### Work to complete
Write each line below back out exactly, omitting its pictures.

### Input data
============

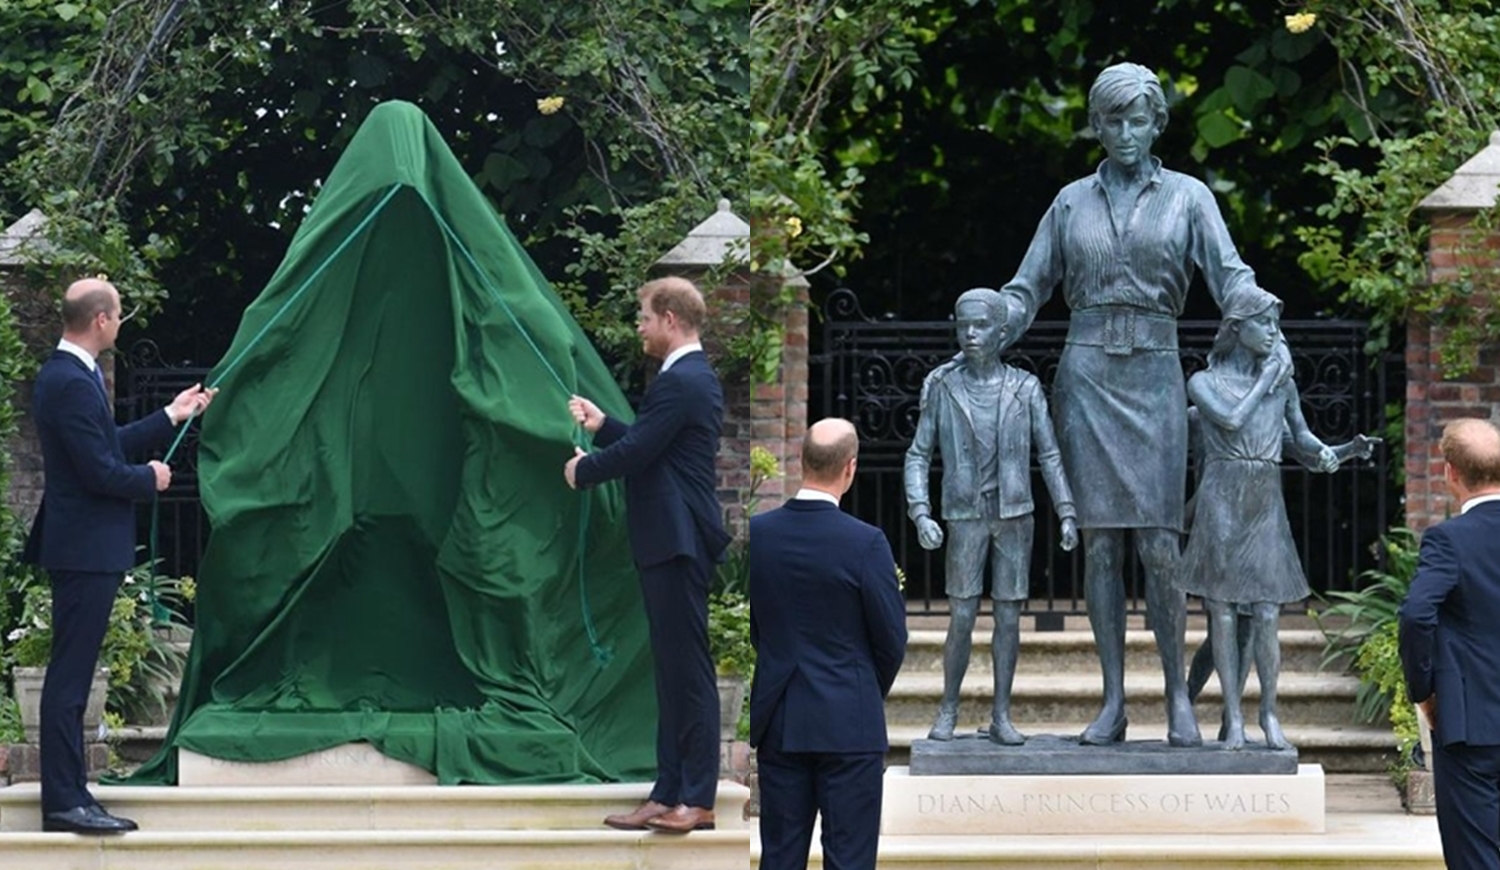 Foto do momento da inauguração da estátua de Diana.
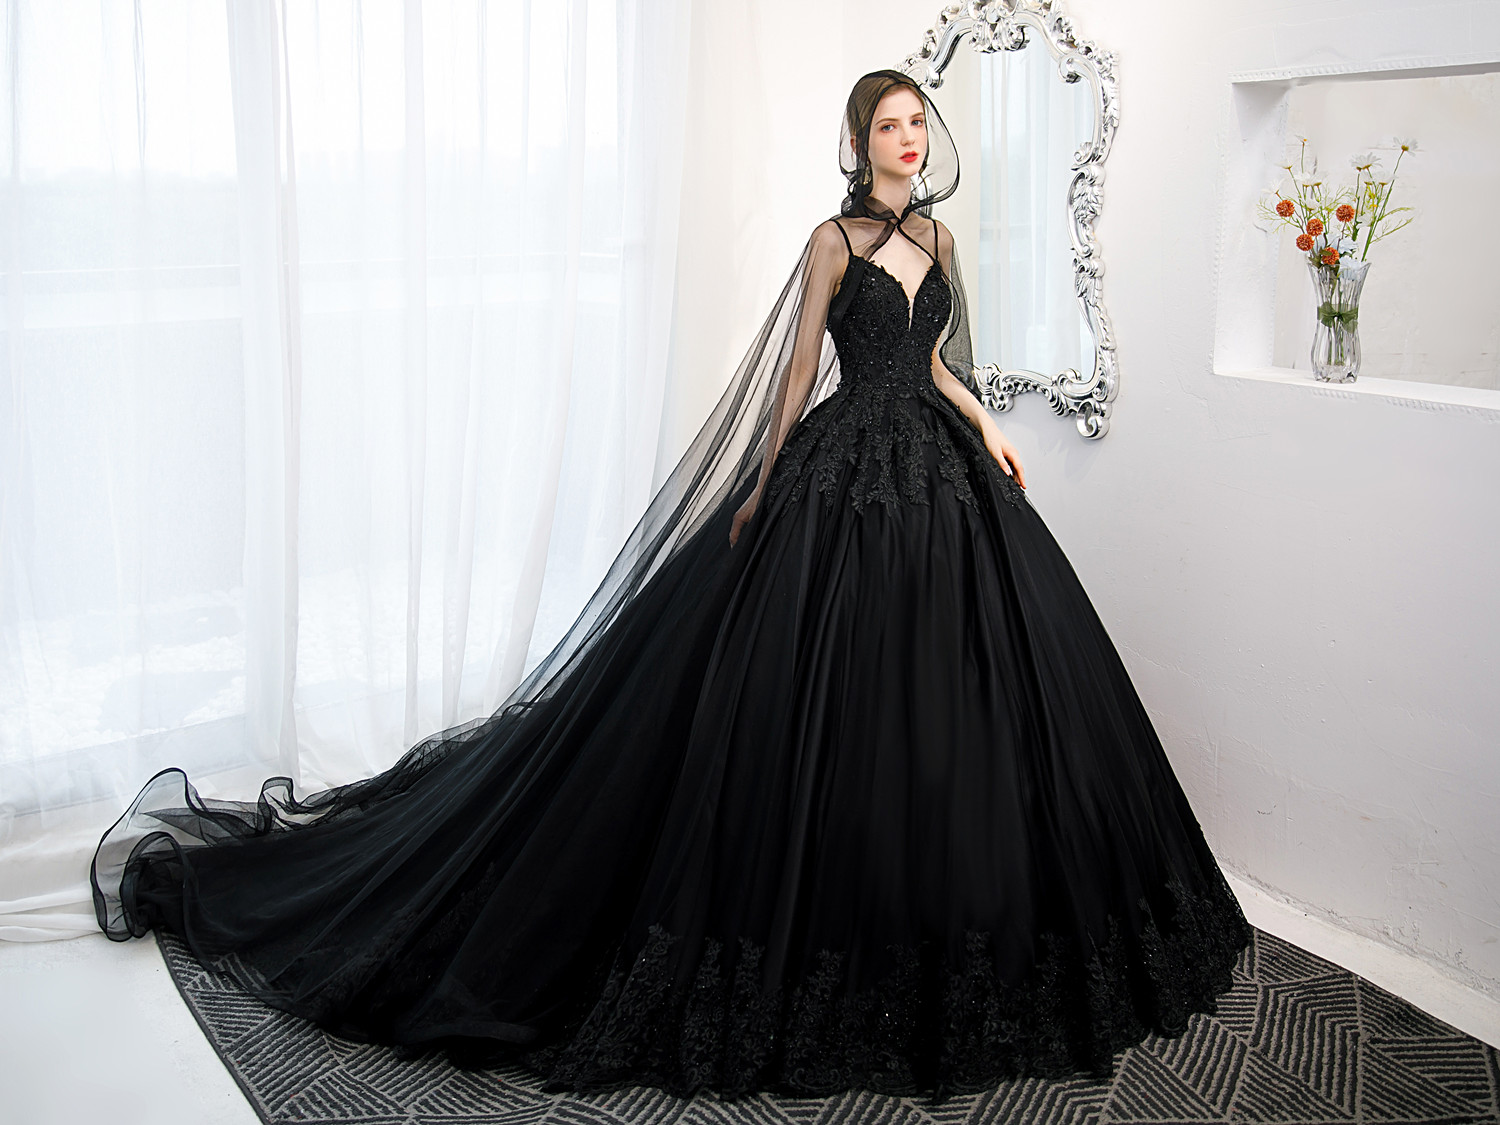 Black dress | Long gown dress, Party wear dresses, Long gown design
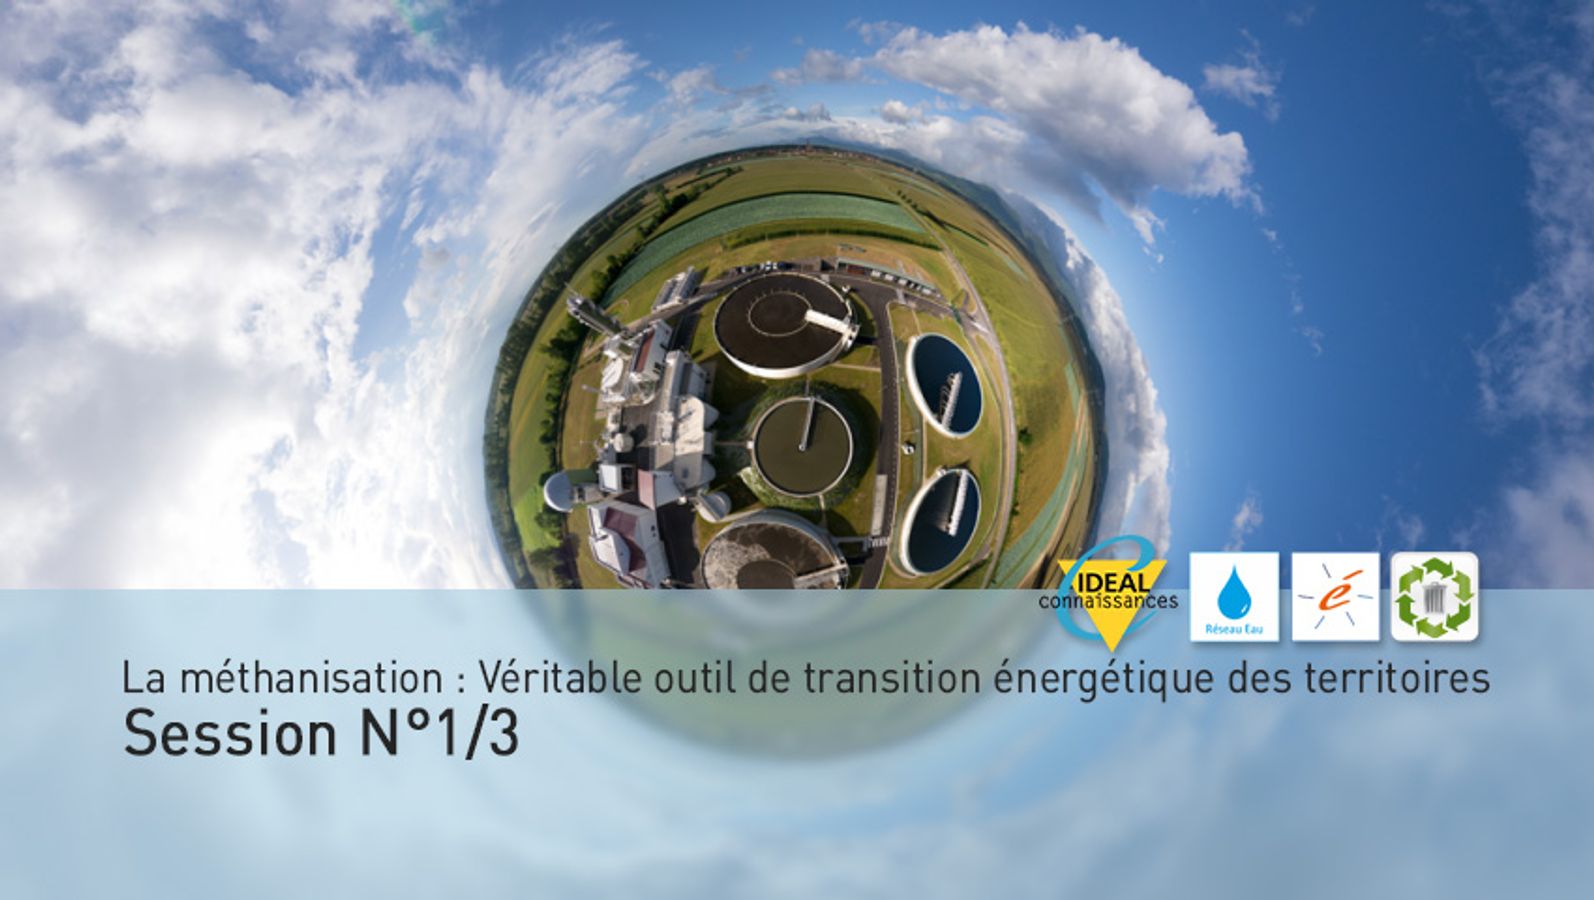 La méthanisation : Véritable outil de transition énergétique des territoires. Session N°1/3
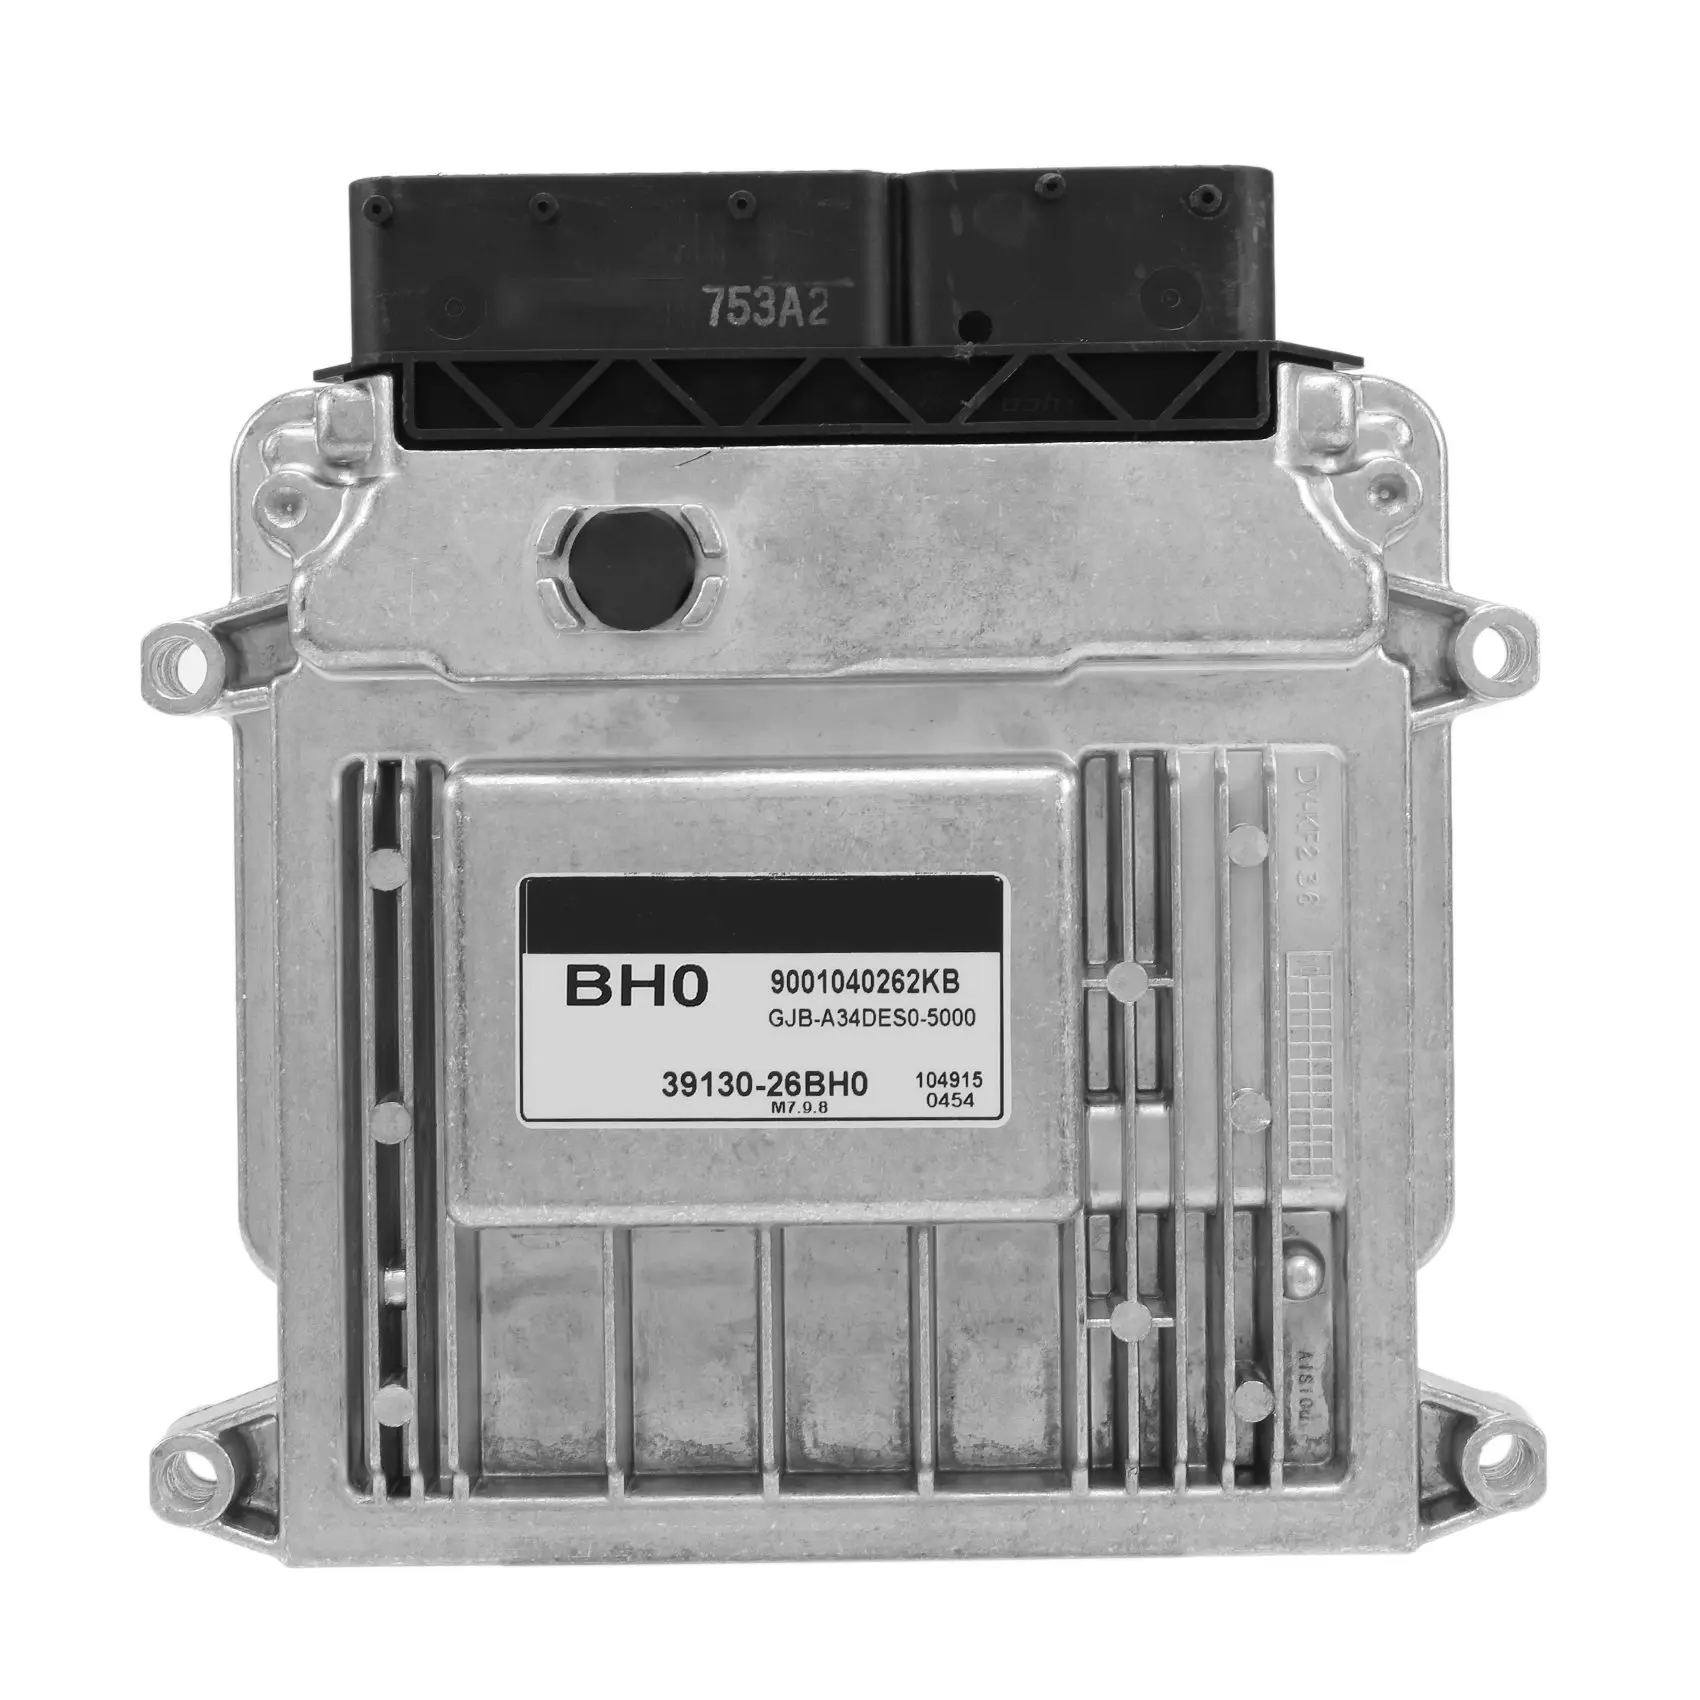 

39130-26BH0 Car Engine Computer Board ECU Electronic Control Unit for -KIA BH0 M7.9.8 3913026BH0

============

### Output
 Foto do momento da inauguração da estátua de Diana.
 Black dress | Long gown dress, Party wear dresses, Long gown design
 La méthanisation : Véritable outil de transition énergétique des territoires. Session N°1/3

39130-26BH0 Car Engine Computer Board ECU Electronic Control Unit for -KIA BH0 M7.9.8 3913026BH0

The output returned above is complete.